### [RECORDED DATA]
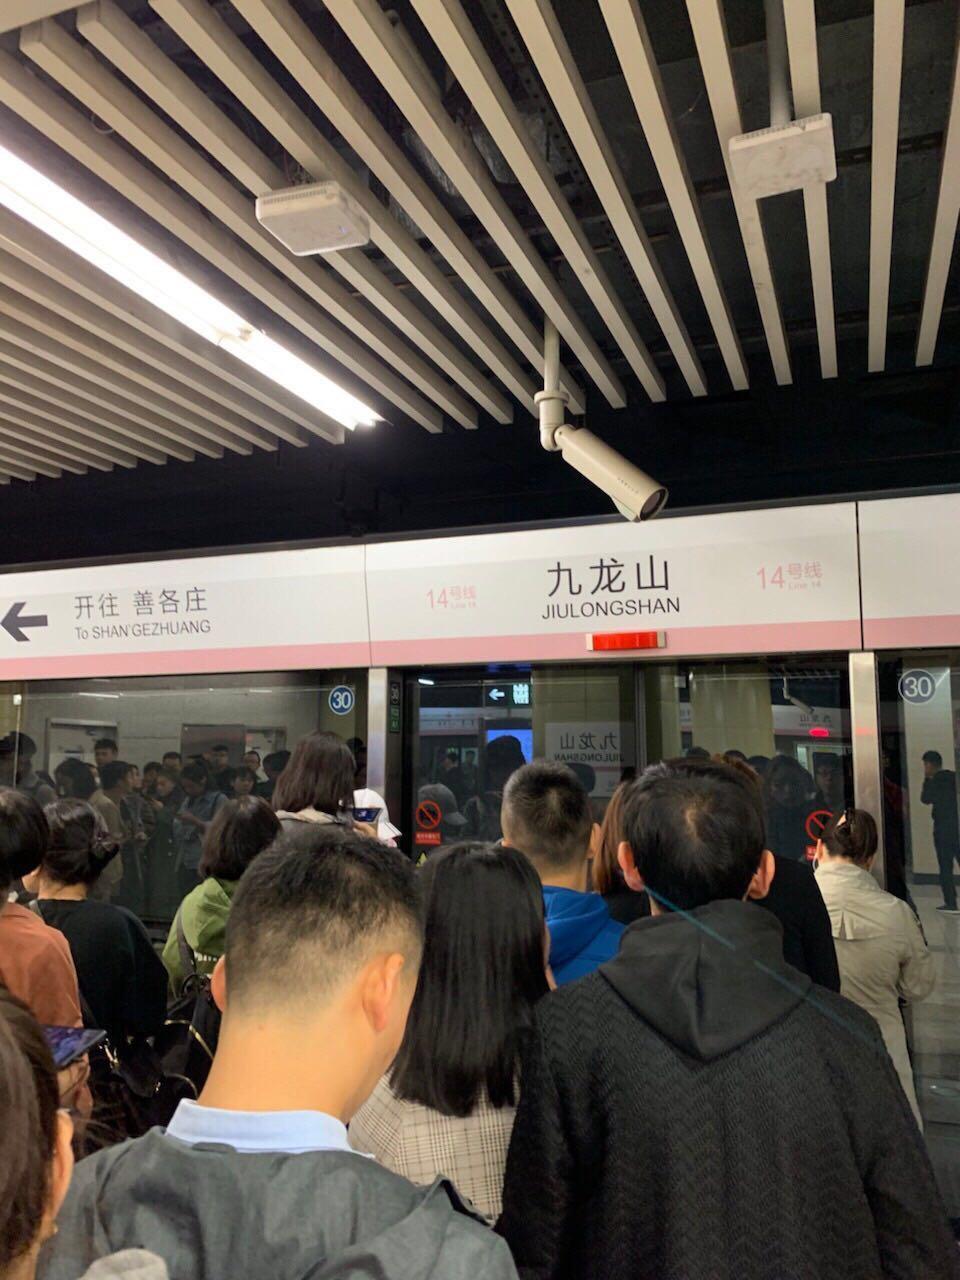 地铁过站不开门致乘客迟到 北京地铁:可领致乘客信
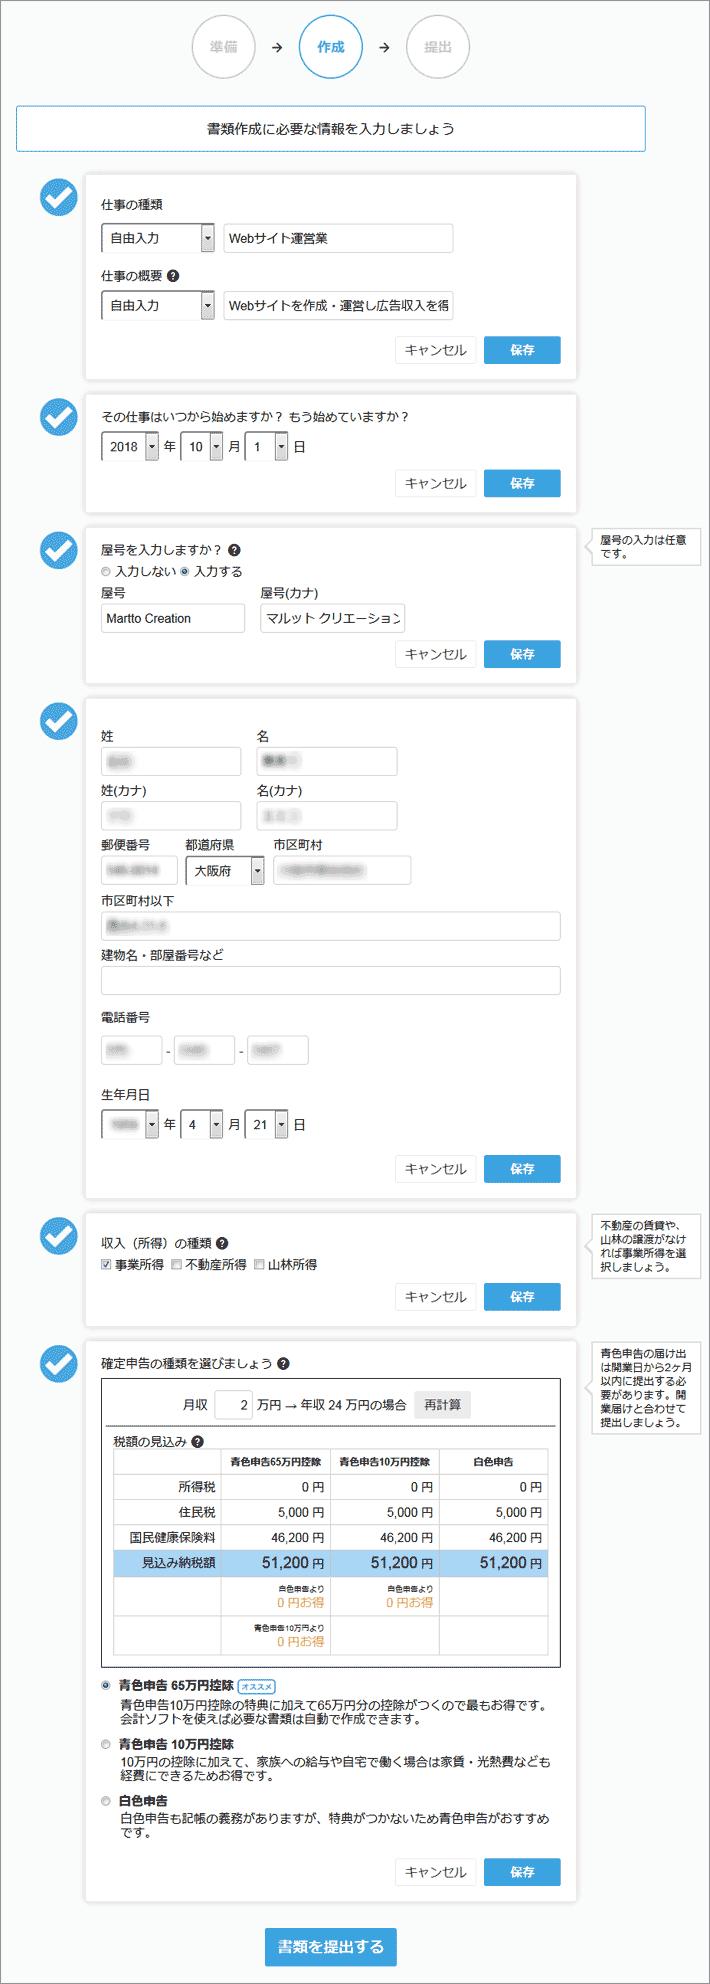 18394_04(開業freee)
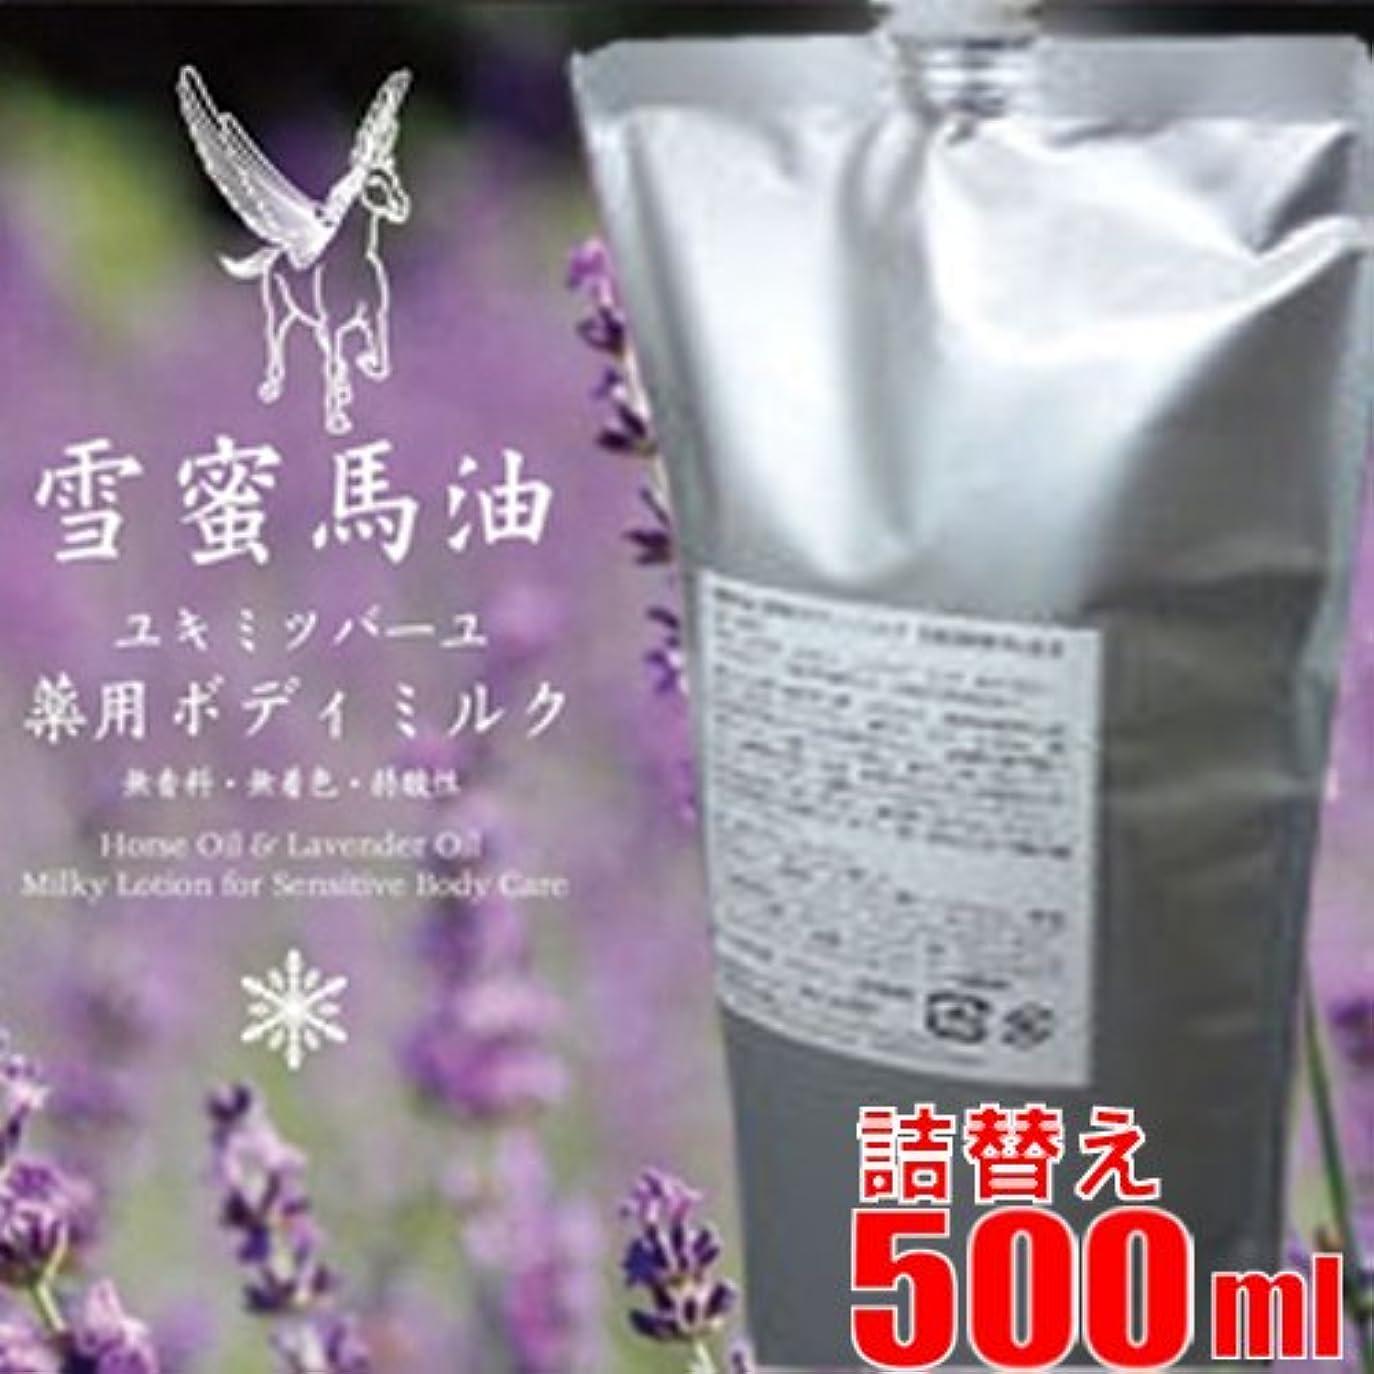 ゲートウェイ海嶺邪魔【詰替え500g】雪蜜馬油 薬用ボディミルク 詰替え500ml

### [EXERCISE AIM]
The listing above should be repeated word for word, pictures removed.

### [YOUR SOLUTION]
 地铁过站不开门致乘客迟到 北京地铁:可领致乘客信
 18394_04(開業freee)
 ゲートウェイ海嶺邪魔【詰替え500g】雪蜜馬油 薬用ボディミルク 詰替え500ml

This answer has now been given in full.